Two major frameworks exist for social determinants of health. First, the World Health Organization (WHO) lists ten social determinants of health: social gradient; stress; early life; social exclusion; work; unemployment; social support; addiction; food, and; transport1. Second, the Centers for Disease Control (CDC) offer a five-part framework: economic stability; education; social and community context; health and healthcare, and; neighborhood and built environment. Both frameworks complement one another and enhance our understanding of potential social determinants of health.Health policy here in the United States needs to be informed at both international and national levels. The WHO framework helps us to explore social determinants comparatively from an international perspective, while CDC’s framework is tailored to localized contexts unique to the USA. However, neither framework explicitly lists medical debt as a social determinant of health. Were medical debt included in the CDC model, it might be listed in at least two of the five major categories: economic stability, and health and healthcare. However, neither of these broad level categories include medical debt as a subset.

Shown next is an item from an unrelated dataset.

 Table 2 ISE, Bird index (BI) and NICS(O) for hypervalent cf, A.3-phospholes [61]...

Medical debt is particularly unique when compared to factors listed in either the CDC’s or WHO’s frameworks. In particular, medical debt can be inordinately impacted by a single catastrophic cost health event2. Also, medical debt is a social determinant that can impact individuals from almost all income ranges. Finally, medical debt, even when it is not a single catastrophic event, is impacted by healthcare inflation, which far outpaces general inflation of other costs of living (3.00% vs. 1.88% from 2011 to 2016, respectively)3,4. Based on these distinctions, we believe medical debt should be explored as a potential social determinant of health, thus informing data-driven interventions in healthcare.
One point-of-entry for exploring this phenomenon is Medicaid. While implementation of the Affordable Care Act (ACA) led to increased health coverage for nearly 32 million Americans5, the umbrella of ACA still left over 28 million without insurance6. Millions of Americans claim inadequate coverage of services or exorbitant premiums2. To truly understand the financial burden of healthcare, one should not only account for insurance premiums, but also out-of-pocket costs and monetary funds owed for previous services7. While insurance coverage can contribute to medical debt, one must also appreciate that provider’s sky-rocketing costs for procedures and prescriptions exacerbate this problem2. TransUnion’s Healthcare Report in 2016 stated that 77% of bills greater than $500 went unpaid in 2016, and over 51% of these patients owed more than $1000 to their providers8.

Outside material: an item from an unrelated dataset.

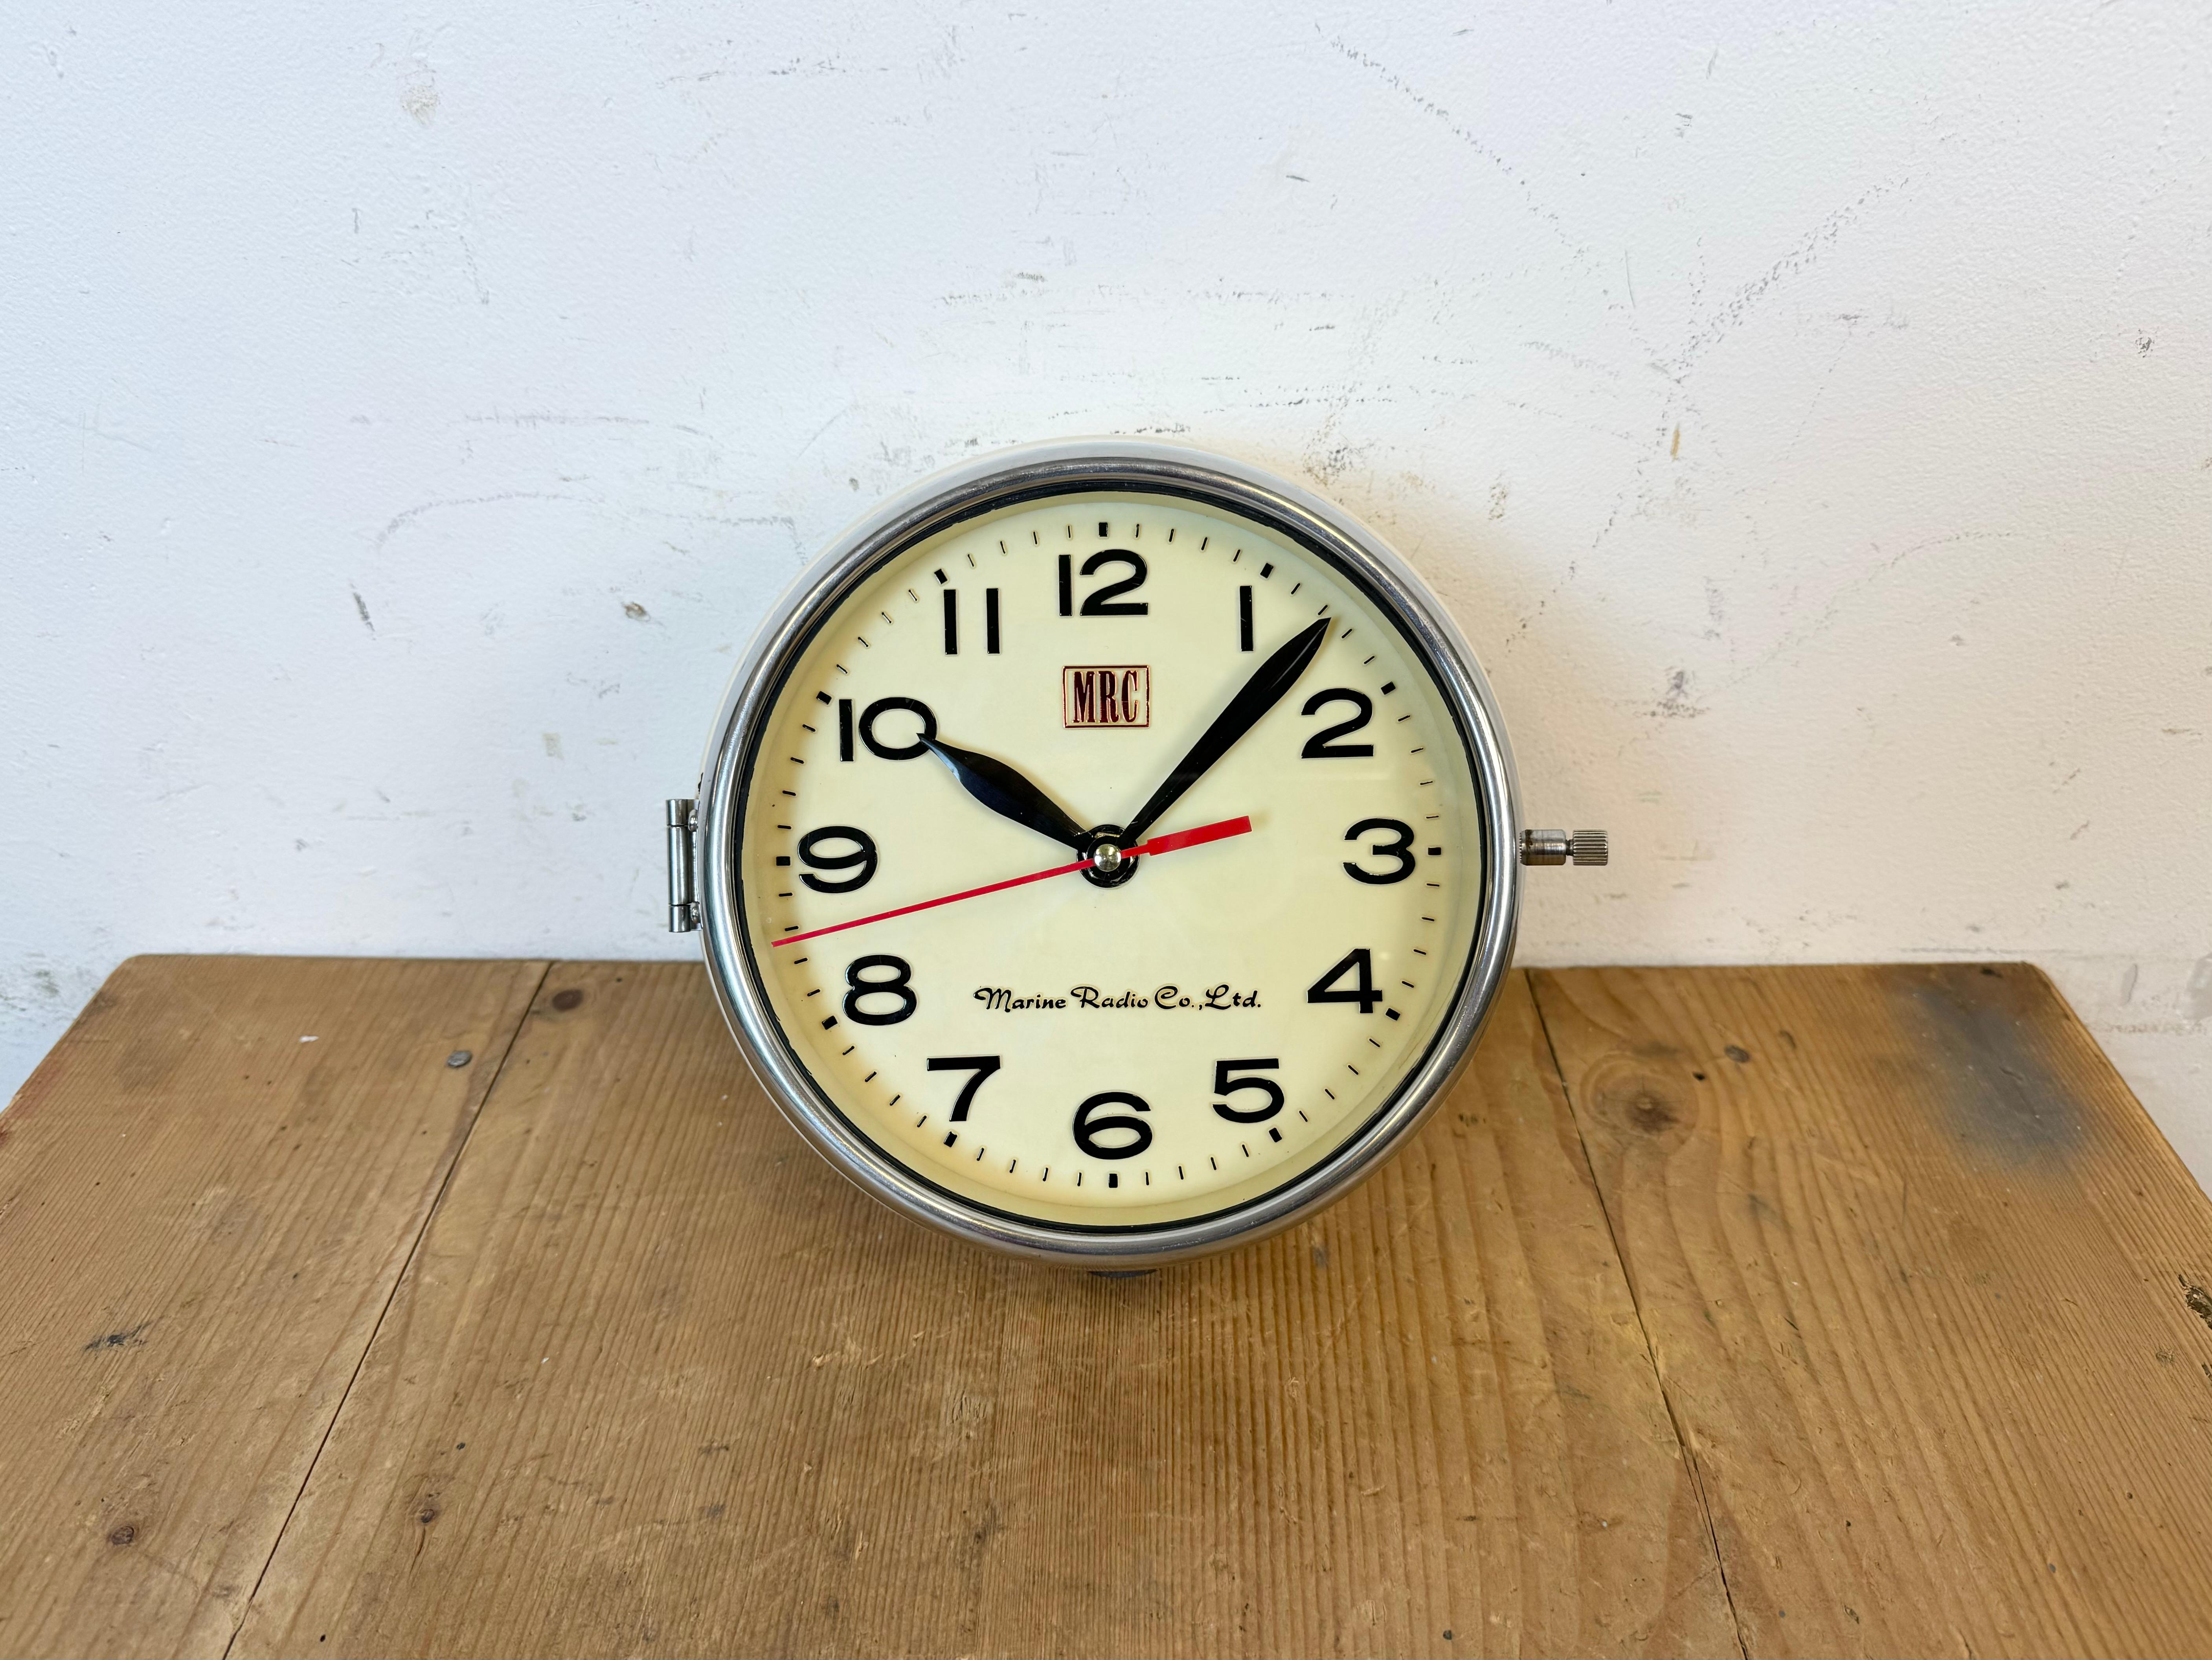 Vintage MRC ( Marine Radio Co. Ltd. ) maritime slave clock made in South Korea during the 1970s. These clocks were used on large Korean tankers and cargo ships. It features a beige metal body, a plastic dial and clear glass cover with chrome frame.

One of the tenets of ACA was the expansion of Medicaid programs via federal funding. This allowed state-wide Medicaid programs to increase health insurance to individuals previously not qualified. Medicaid expansion led to a substantial 5.3% decrease in medical debt to 16.0% nationally in individuals under the age of 65 who had trouble paying medical bills9. Some may argue insurance coverage has resolved the issue of medical debt. However, it has yet to be seen what happens to individuals, who despite gaining insurance under Medicaid expansion, must account for medical debt due to the program’s eventual phase out. Despite Medicaid expansion’s merits or limitations as a solution to medical debt, implementation of Medicaid expansion provides a proxy for debt reduction, thus exploring its association with health outcomes. Admittedly, there are multiple factors impacting health outcomes for patients receiving Medicaid. This challenge emphasizes further the need for fuller datasets that allow Big Data to statistically parse out the complex interdependence of determinants of health outcomes.

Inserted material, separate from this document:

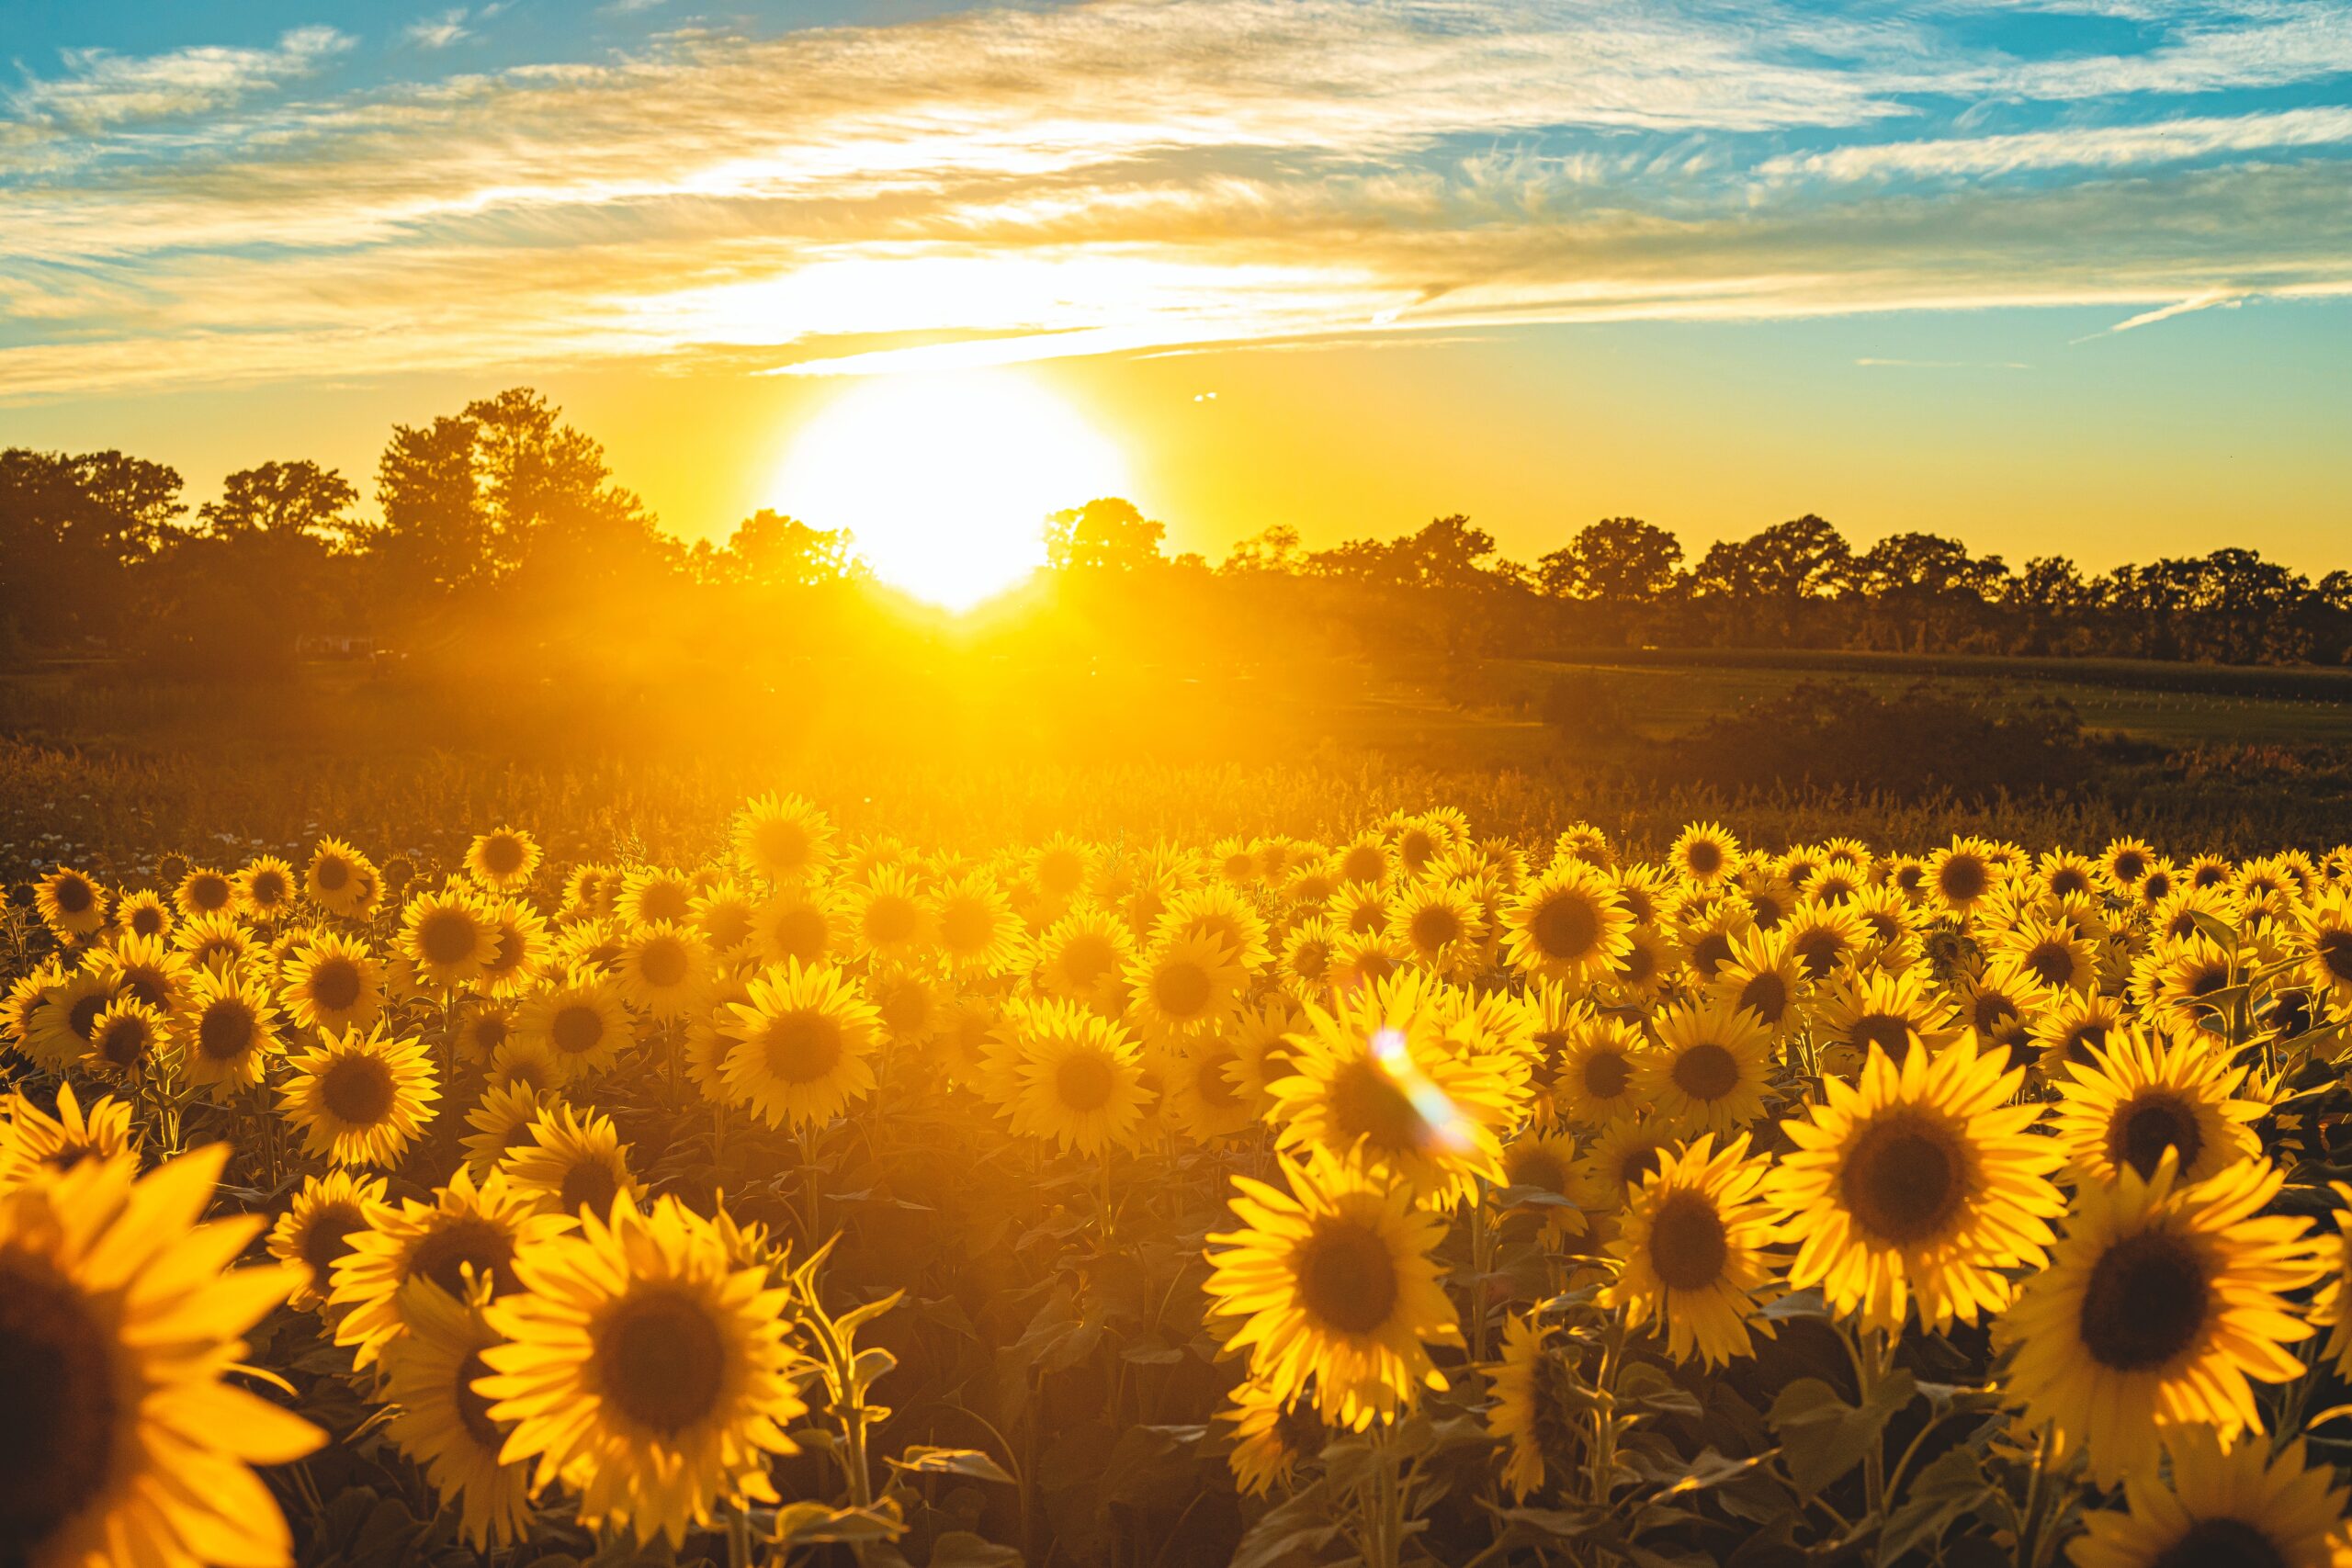 How To Grow Sunflowers in 3 Easy Steps

Albeit inconclusive, some evidence suggests medical debt may manifest as a social determinant of health. Medical debt can be considered a risk factor for reduced health access and poorer health status in individuals, with these individuals rationing medical care4,10. In one study, 24% of individuals with medical debt abstained from going to their original site of treatment, with 18% delaying care when necessary, and 10% only visiting Emergency Departments to obtain care11. Furthermore, an individual under financial duress may decide to forgo medical treatment due to social pressures such as pride and embarrassment4.
A national survey found that to pay medical debt, approximately 44% of individuals with outstanding medical debt used a majority of their savings4, depleting precious resources they need for food, rent, prescriptions, etc.7 The linkage between self-reported health status and healthcare usage in a setting of low financial resources can lead to increased medical debt7. Another study reported that when individuals utilized home equity to defray incurred medical expenses, medical bills led to foreclosure of homes 70% of the time and mortgage defaults in 23% of cases12. Yet another study found that households with medical debt over two percent of their income was the greatest single variable associated with bankruptcy13. Additionally, over 38.2% of debtors lost over two weeks of income due to illness and 6.8% of individuals lost wages due to care for an ill family member, diminishing their ability to pay their medical debt14. Some individuals frequently utilized payday loans, credit cards, and other forms of credit to pay off medical bills, further incurring financial debt15.
Ideally, the best approach to understanding medical debt would be to directly mine data of individual patient records, regardless of Medicaid eligibility, and analyze variance to explore associations between debt and health outcomes. However, challenges to this approach are neither technical nor methodological in nature, but instead organizational.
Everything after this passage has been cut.